Женщины меня с той поры мало интересовали, из всех них для меня существовала лишь одна! Единственная!..
Благодаря почти монашескому образу жизни, я стал значительно преуспевать в науках, с отличием окончил университет, стал сперва приват-доцентом, затем — весьма быстро — профессором. И поверьте, господа, мое имя в науке кое что значит. Поведаю вам, что меня даже два раза выдвигали на почетную премию, учрежденную господином Нобелем. (Глядишь, заходе на осьмнадцатом наградят-таки, коли доживу и коли отечество наше, как и весь мир, не ухнется в тартарары.)
И лишь одного у меня после тех мгновений так ни разу и не было — истинной, всепоглощающей любви…
Он надолго примолк.
— Возможно, она, эта княгиня, явилась вам из иного мира, — сказала наконец Дробышевская. — Поверьте, так бывает. Мы столь мало знаем о параллельных мирах, в которых существуют дỳхи.
— О нет, — отозвался Финикуиди, — она была вполне во плоти. Я наводил о ней справки, но увы, следы ее затерялись. Знаю лишь, что вскоре она оставила Санкт-Петербург, поскольку муж ее, как мне стало известно, застрелился в Париже, перед этим промотав там все свое состояние…
И тут вдруг прозвучал голос Амалии Фридриховны:
— Нет, не все, — к полному изумлению всех, сказала она. — Осталась самая малость.
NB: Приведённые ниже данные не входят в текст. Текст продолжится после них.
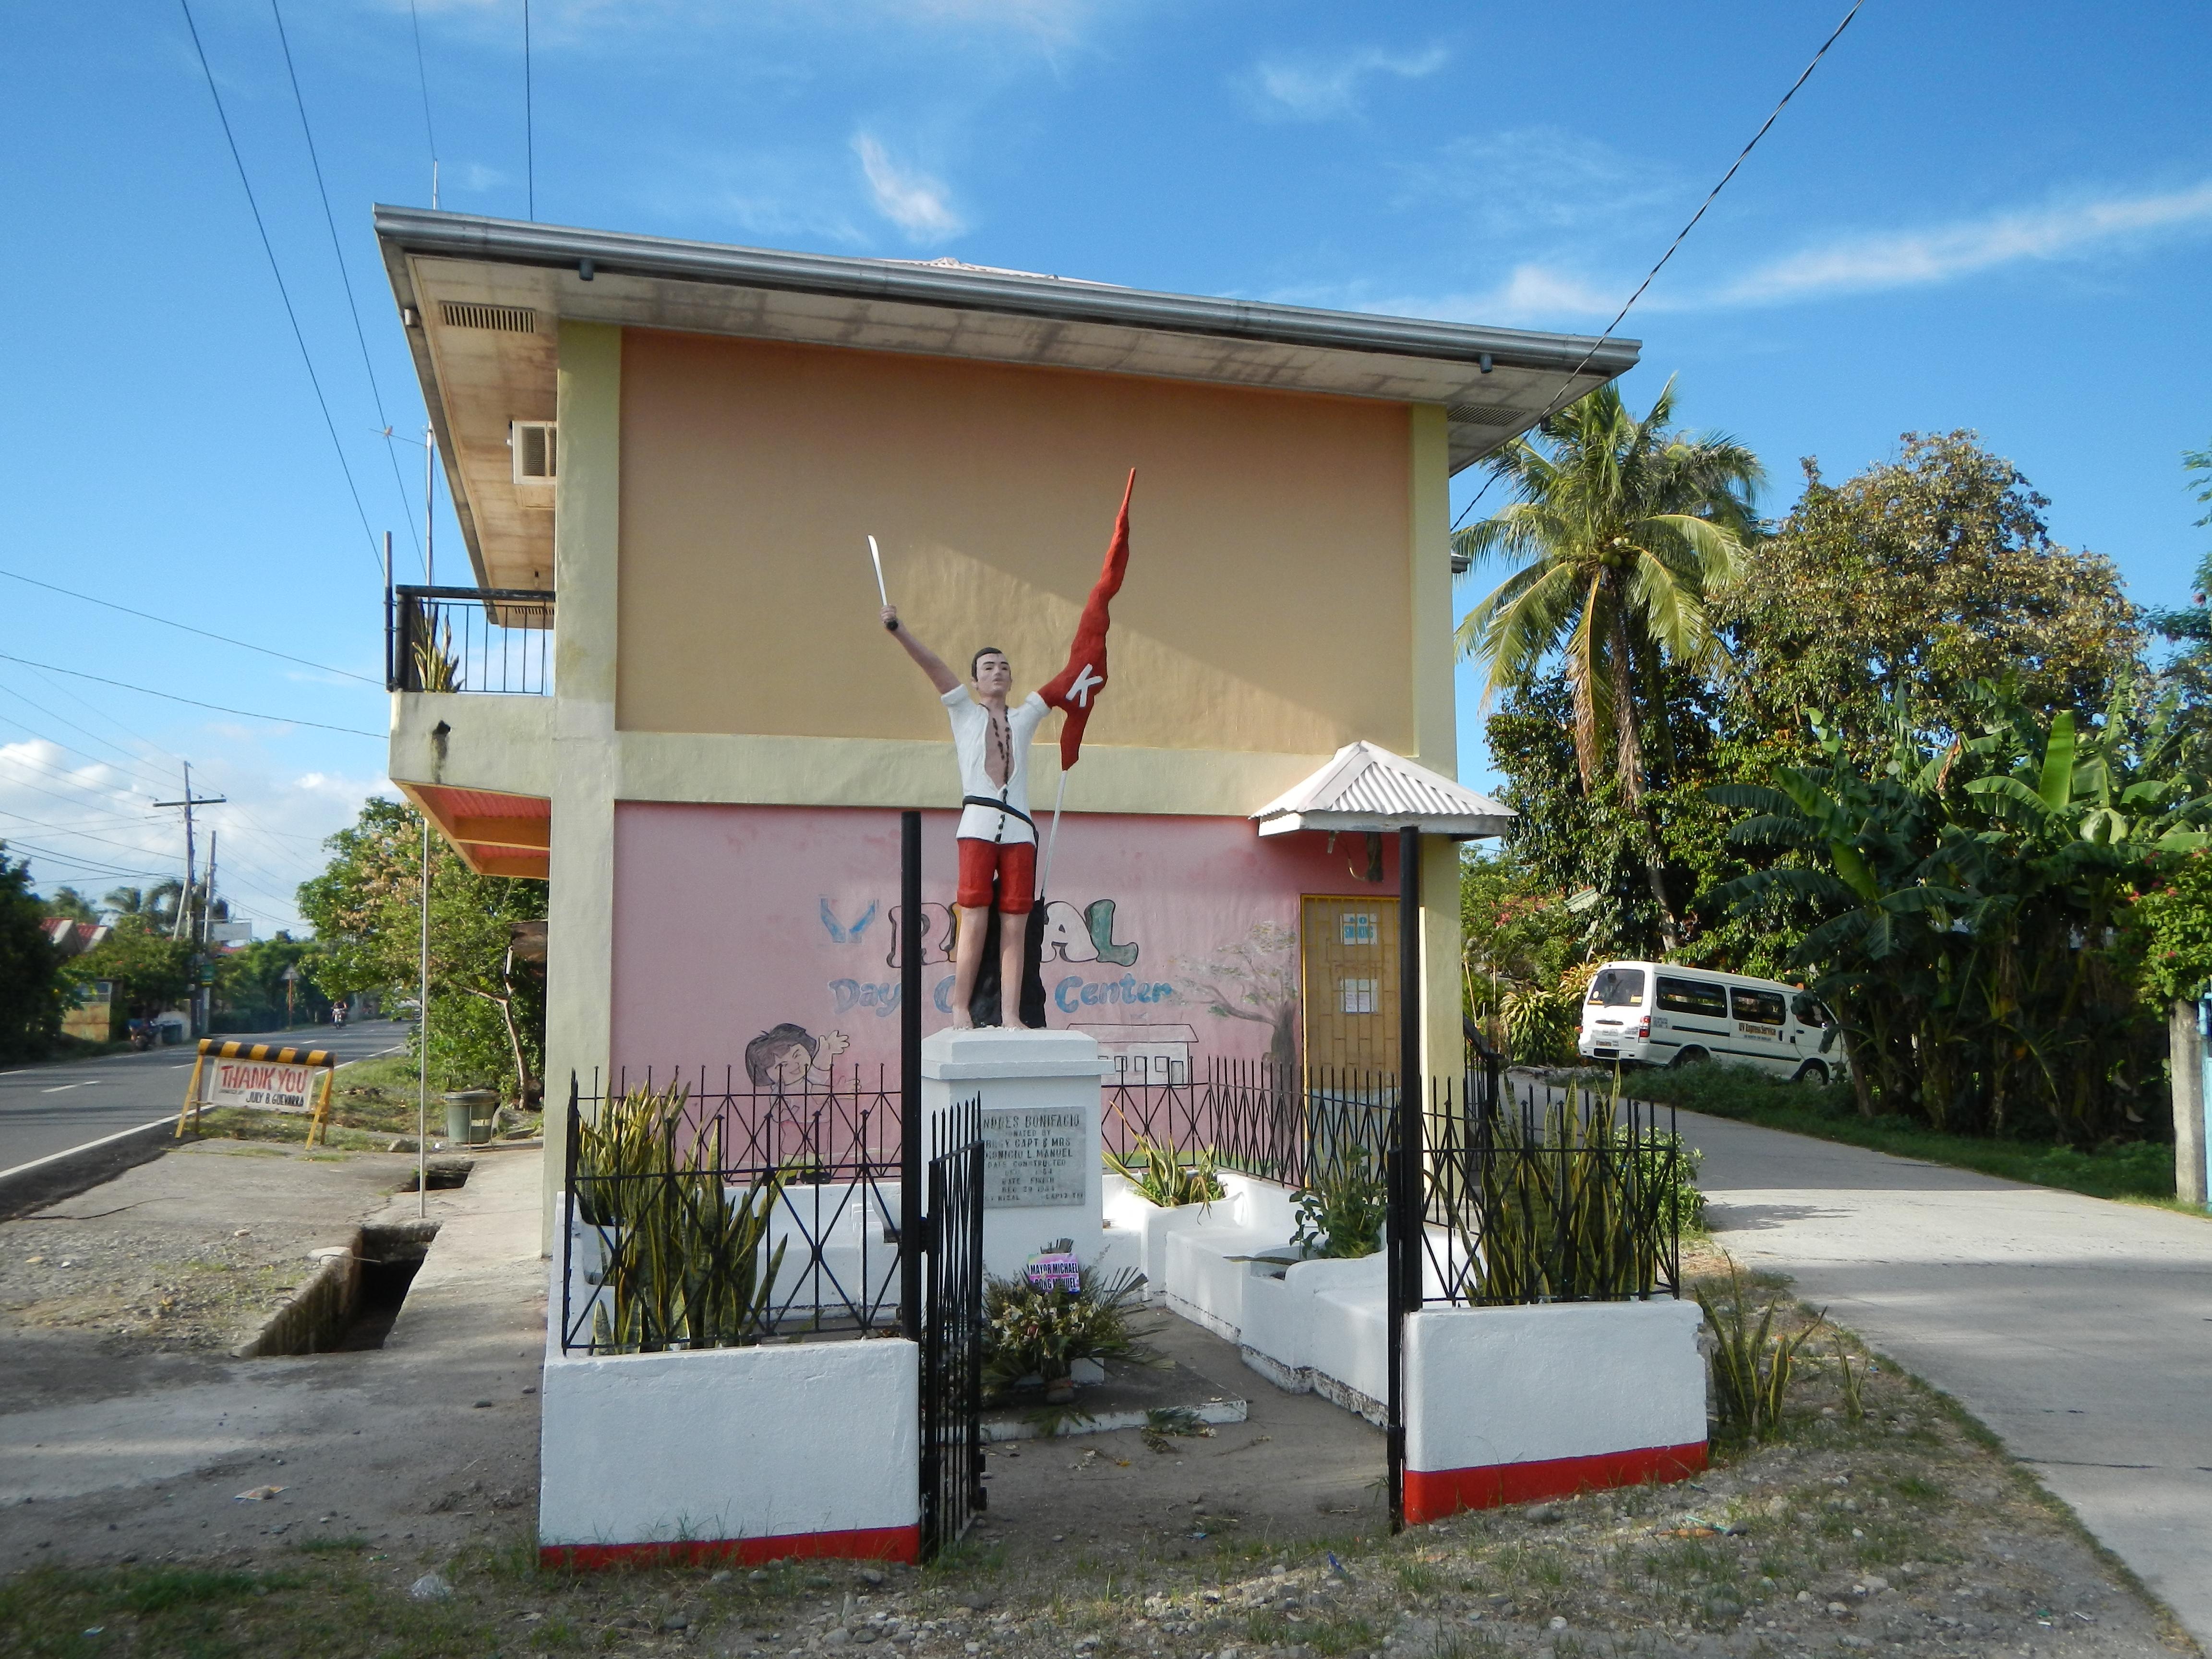 File:7605jfRizal Balanoy La Paz Hall Roads Tarlacfvf 21 ...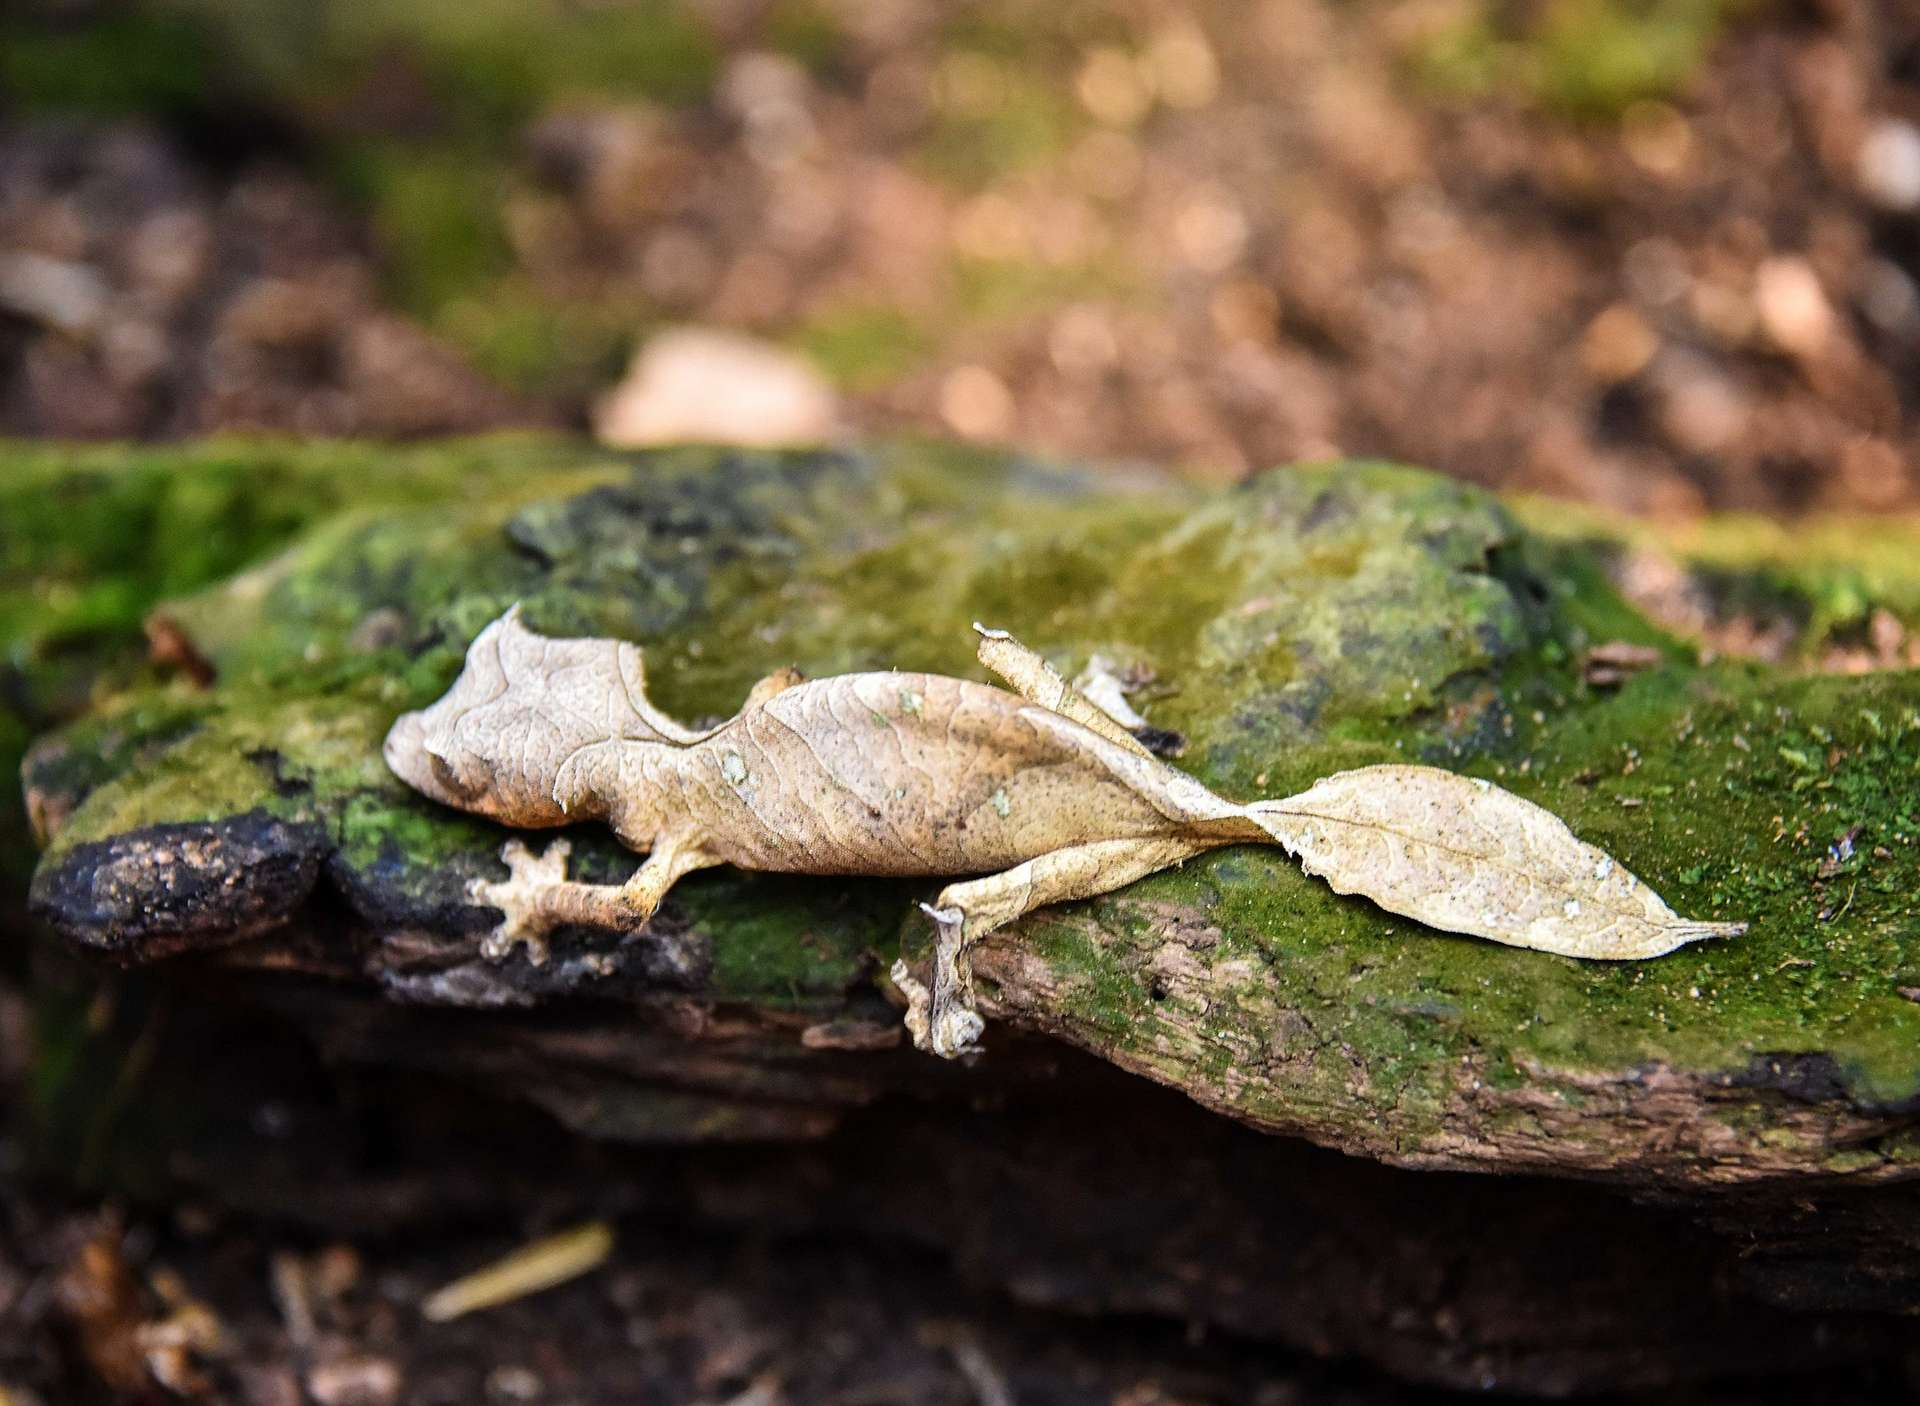 Un Uroplatus phantasticus dans la forêt humide de Madagascar. © Rod Waddington, CC by-sa 2.0

Как раз хватило на то, чтобы открыть в горном ущелье близ вод маленькую, но вполне достойную гостиницу.
Воцарившуюся еще более густую тишину, нарушил голос профессора:
— Так вы, княгиня, все же узнали меня?
— Не сразу, — ответила она. — То есть, вы кого-то мне все время напоминали, но вы так изменились с тех пор…
— А вы, княгиня, — ничуть! То есть,
— Но княгиня! — взмолился Львовский. — Не мучьте, поведайте, что же, однако, произошло тогда там, в Петербурге.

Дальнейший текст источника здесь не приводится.